Over a period of 5 min or so the system would not respond to commands.
Tried to do a shutdown but it seemed to just hang.
Was then unable to login again from another window. It would accept the
password but then never come back with a prompt.

Finally had to turn off the key switch.

When system came back up it ran for about 10 minutes and then crashed and
dumped all sorts of messages to the console screen. Last message that I
could read was a CPU panic.

Rebooted to the OBP and ran test-all. All OK. When system started to boot
it told me CPU 0 on Board 3 had failed and was disabled.
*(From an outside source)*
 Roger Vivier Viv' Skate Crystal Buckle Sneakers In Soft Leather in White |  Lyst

I Shut the system down and rebooted again. When the system went to boot the
same message about the CPU.

Shutdown again and this time I was able to get a terminal plugged into the
serial port.

Rebooted again. System came up with no errors during diagnostics. Warning
message at boot was also gone.

I decided to swap CPU anyway and rebooted. System started fine with no
errors.

So we put system back in production.

Naturally when I was an hour away the system hung again. Had to turn it off
to shut it down.

On Saturday we switched to a new Firewall and a new IP subnet configuration.
There were problems with how the firewall was configured so sometimes the
servers would be unable to reach the public network. They still seemed to
be able to accept connections but when on the server I could not ping an
outside IP or do an nslookup. (we use a DNS service not on our network).
This was intermittent in nature in that this behavior would only happen
after some time had passed. I don't know if any of the above could be
anyway related. We were able to open up a ticket with Cisco and they helped
us reconfig the firewall. We put the system back in production. System has
been running now for 8 hours or so now. (knock knock)

What I would like to know if the way the system failed gives any clue to
what went wrong. The fact that it seemed to run out of resources or
something and be unable to perform a shutdown even though load was low.
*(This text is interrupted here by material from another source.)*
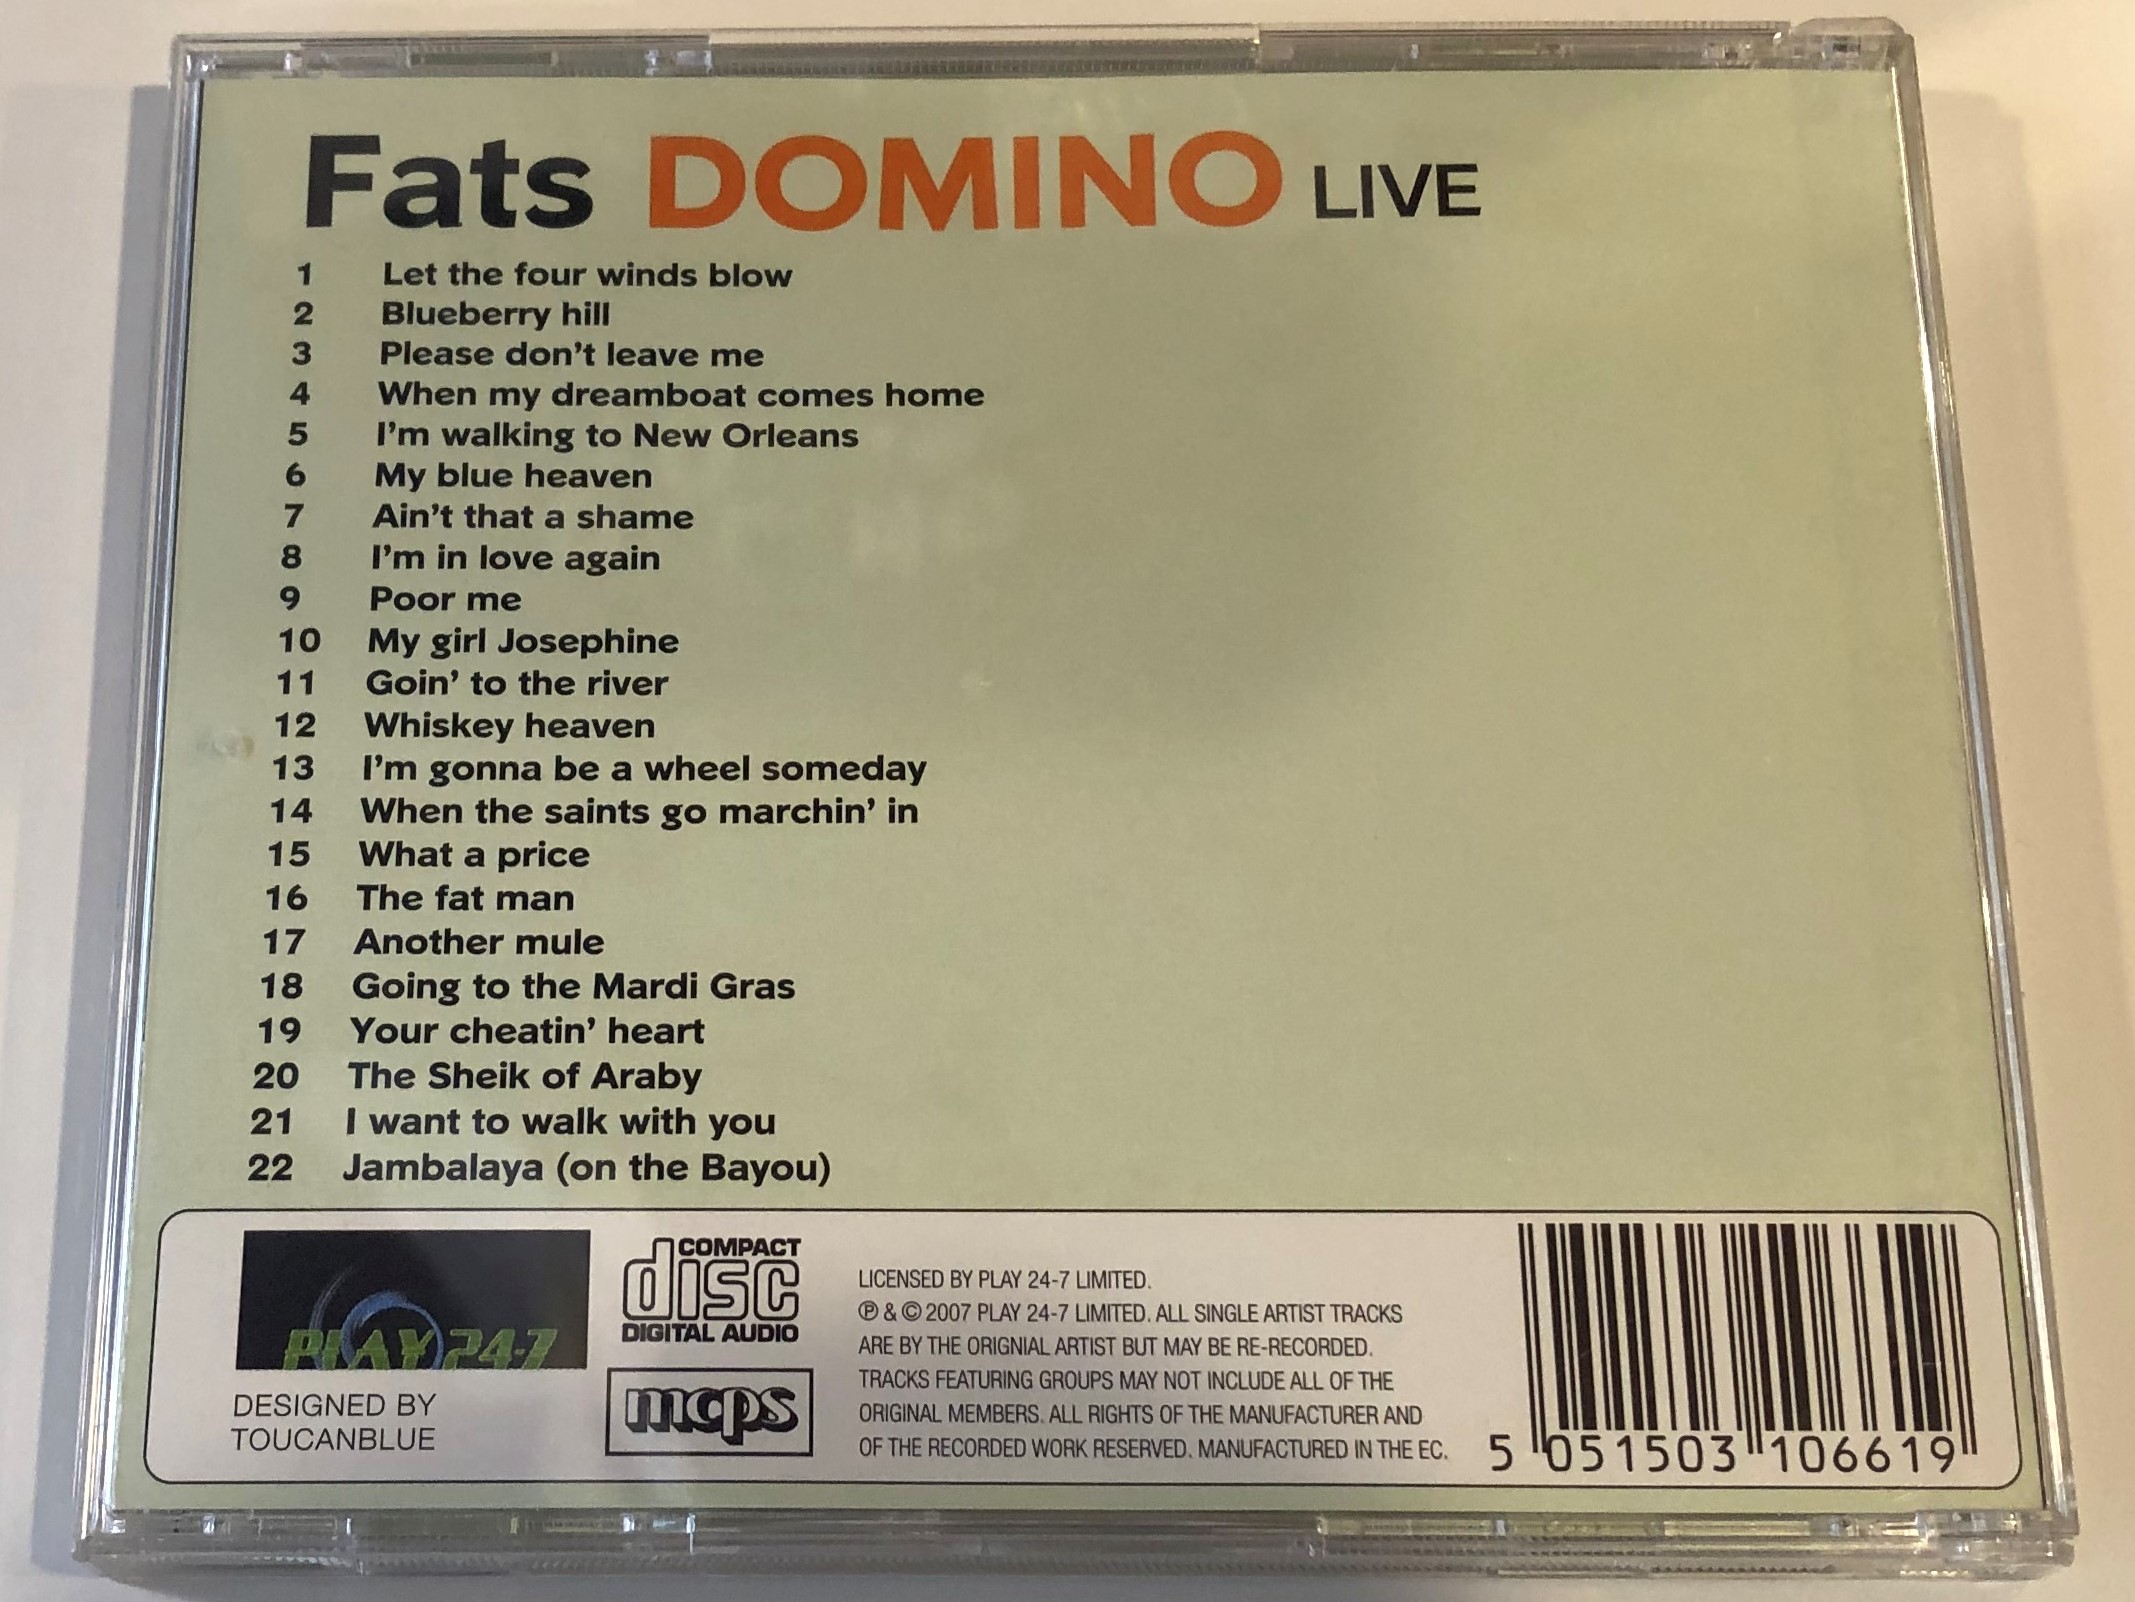 fats-domino-live-featuring-let-the-four-winds-blow-blueberry-hill-my-blue-heaven-when-the-saints-go-marchin-in-your-cheatin-heart-play-24-7-audio-cd-2007-5051503106619-2-.jpg

Has anyone had had a problem where too many open sockets could possible
cause this type of issue. Each connection that got through may have tried
to do an nslookup and hung waiting for a response.

We had a similar problem once when sendmail tried to connect to a mail
server. The mail server was down so the sendmail client hung waiting for a
response. Eventually there were several hundred sendmail clients and the
system hung. Load was also low at that time but some other resource that I
am unable to identify appeared to have been consumed.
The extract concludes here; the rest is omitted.